Location
- 89 Maxfield Ave, Kingston, Jamaica Kingston, Jamaica

Information
- Type: Orphanage
- Established: September 1918
- Age range: 0-18
- Area: 61/2 acres

= Maxfield Park Children's Home =

The Maxfield Park Children's Home is both the largest and oldest home for displaced children in Jamaica. Founded in Kingston in September 1918, the facility houses children from all parishes ranging in age from birth to 18 years. Children are admitted to the home after having been determined to be in need of care and protection as provided by the Child Care and Protection Act, which was nationalized in 2004. Children at the facility are referred from the Jamaican Child Development Agency (Children's Office), the police and the courts (Children's or Family). The facility is run by the Child Protection and Family Services Agency of Jamaica. As of 17 January 2023, approximately 86 youths were housed in the facility.

== Investments and improvements ==
In September 2018, the Maxfield Park Children Home's administrators embarked on a new initiative to construct a mental health center at home. As part of a US$1 million construction project, the complex will provide housing accommodation for females aged 18–21, who have exited State care and have no other living options, over a period of two years. These facilities form part of a multi-agency project funded by the United States Agency for International Development (USAID) over a period of six years at a cost of US$5.2 million.

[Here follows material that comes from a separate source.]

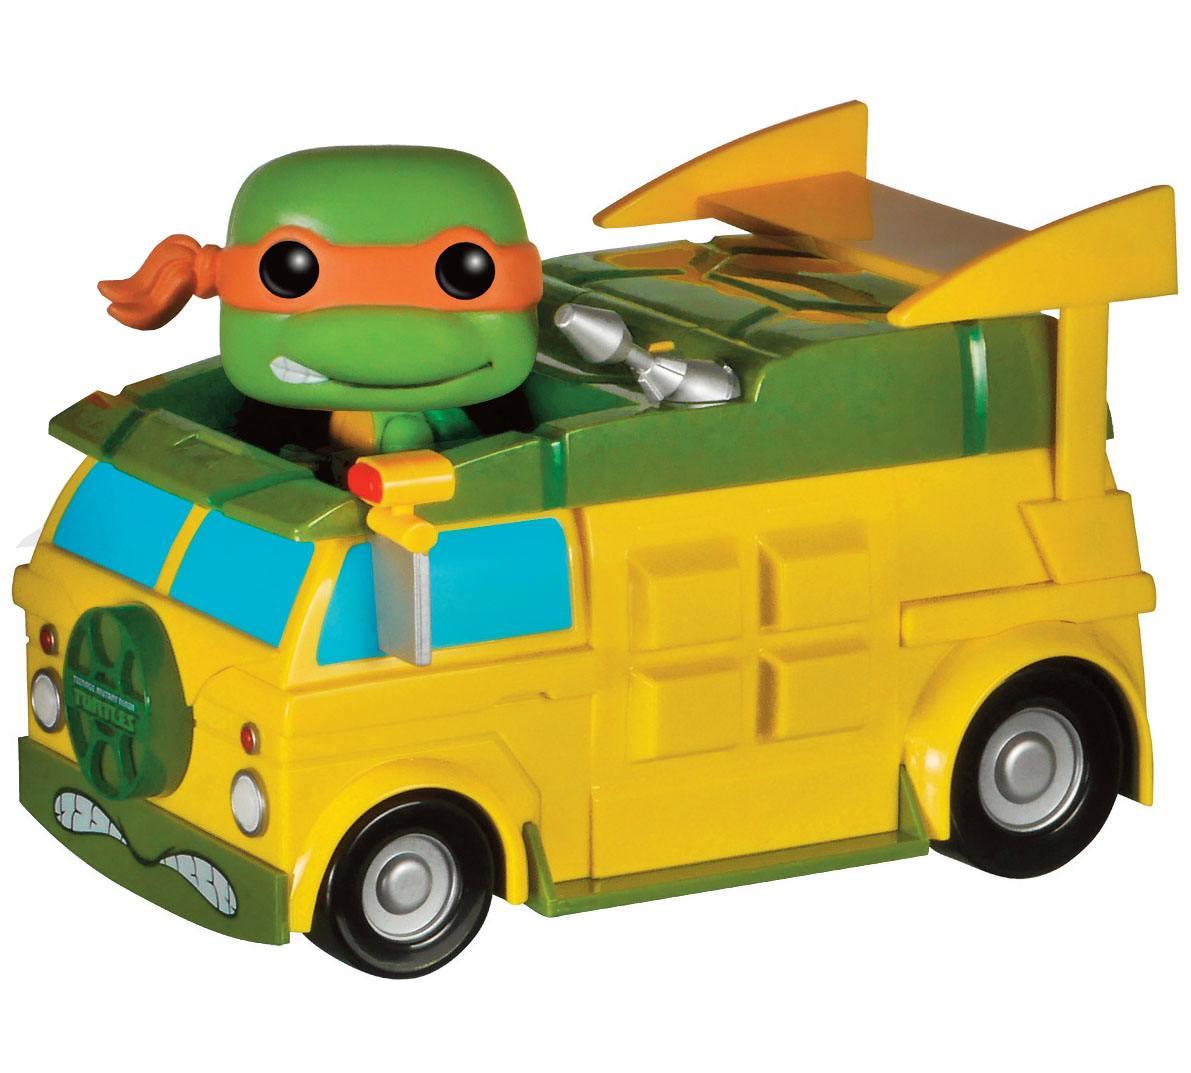 Teenage Mutant Ninja Turtles POP! Vinyl Figure Van with Michelangelo 20 cm
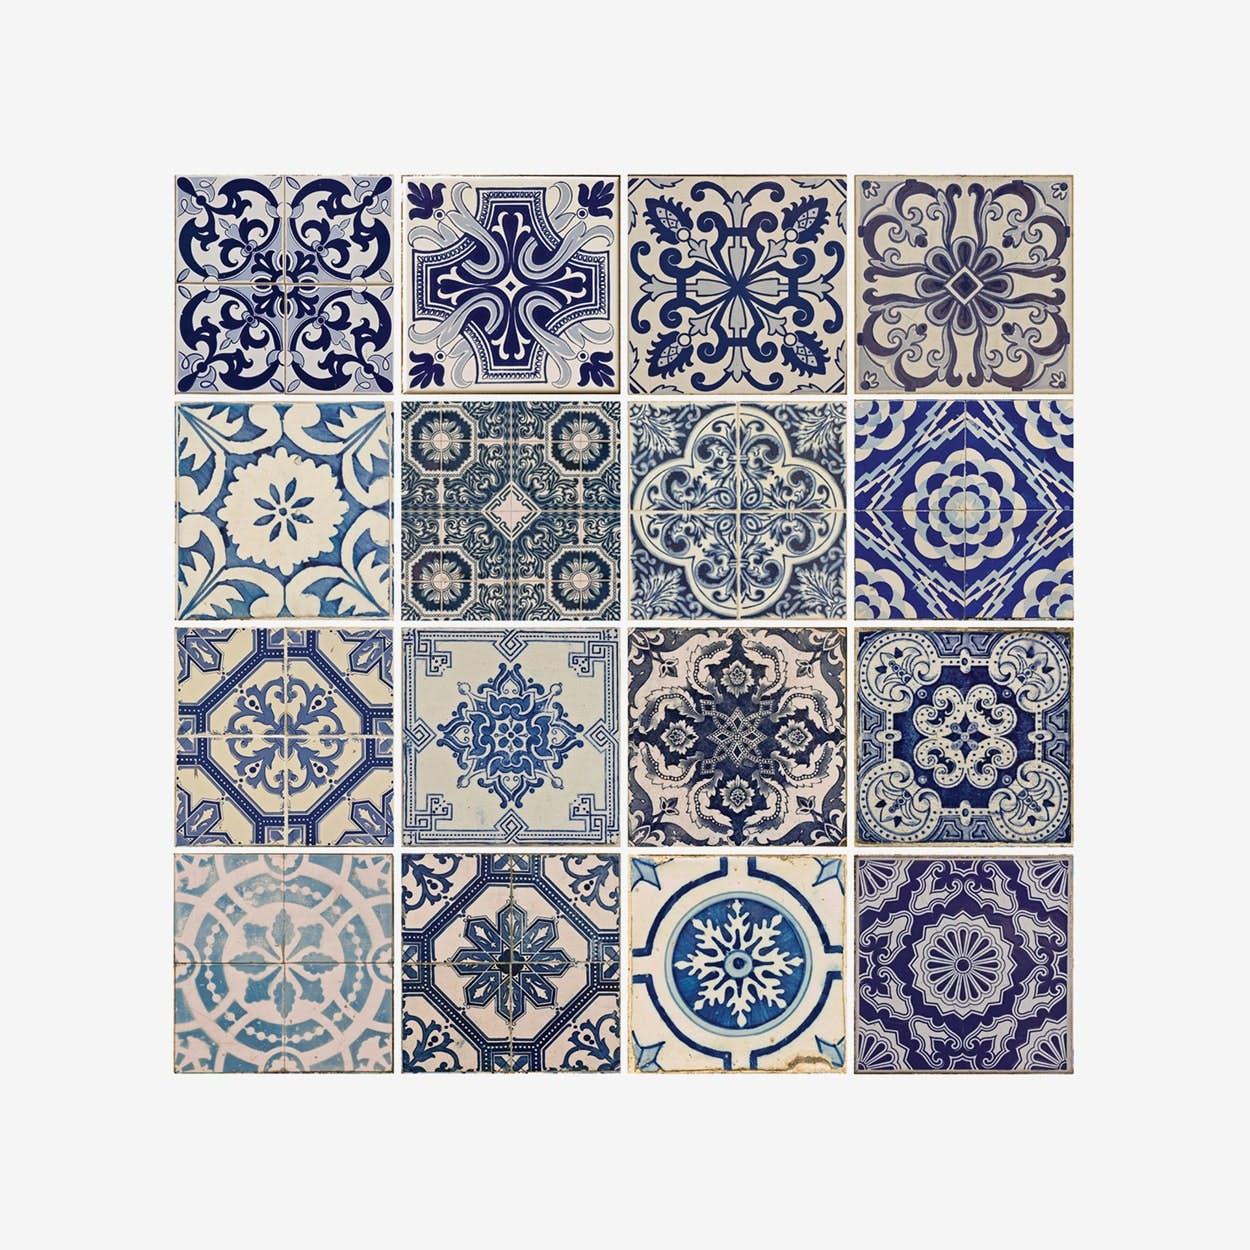 Spanish Blue Tile Pattern Self-adhesive Decal - Walplus

State minister Robert Morgan has stated that thirty million dollars ($30,000,000) from the Child Protection and Family Services Agency will go towards constructing the Child Therapeutic Centre at Maxfield Park Children's Home. The additional funding for the $117 million project will come from the Jamaica Social Investment Fund Basic Needs Trust Fund (JSIF BNTF), a project funded by the Caribbean Development Bank (CDB).

== Notable residents ==
- Reggae and dancehall artist Yellowman was a resident of the home for a period of time.
- Reggae singer, songwriter and record producer Leroy Smart entered Maxfield Park at the age of two where he resided for ten years.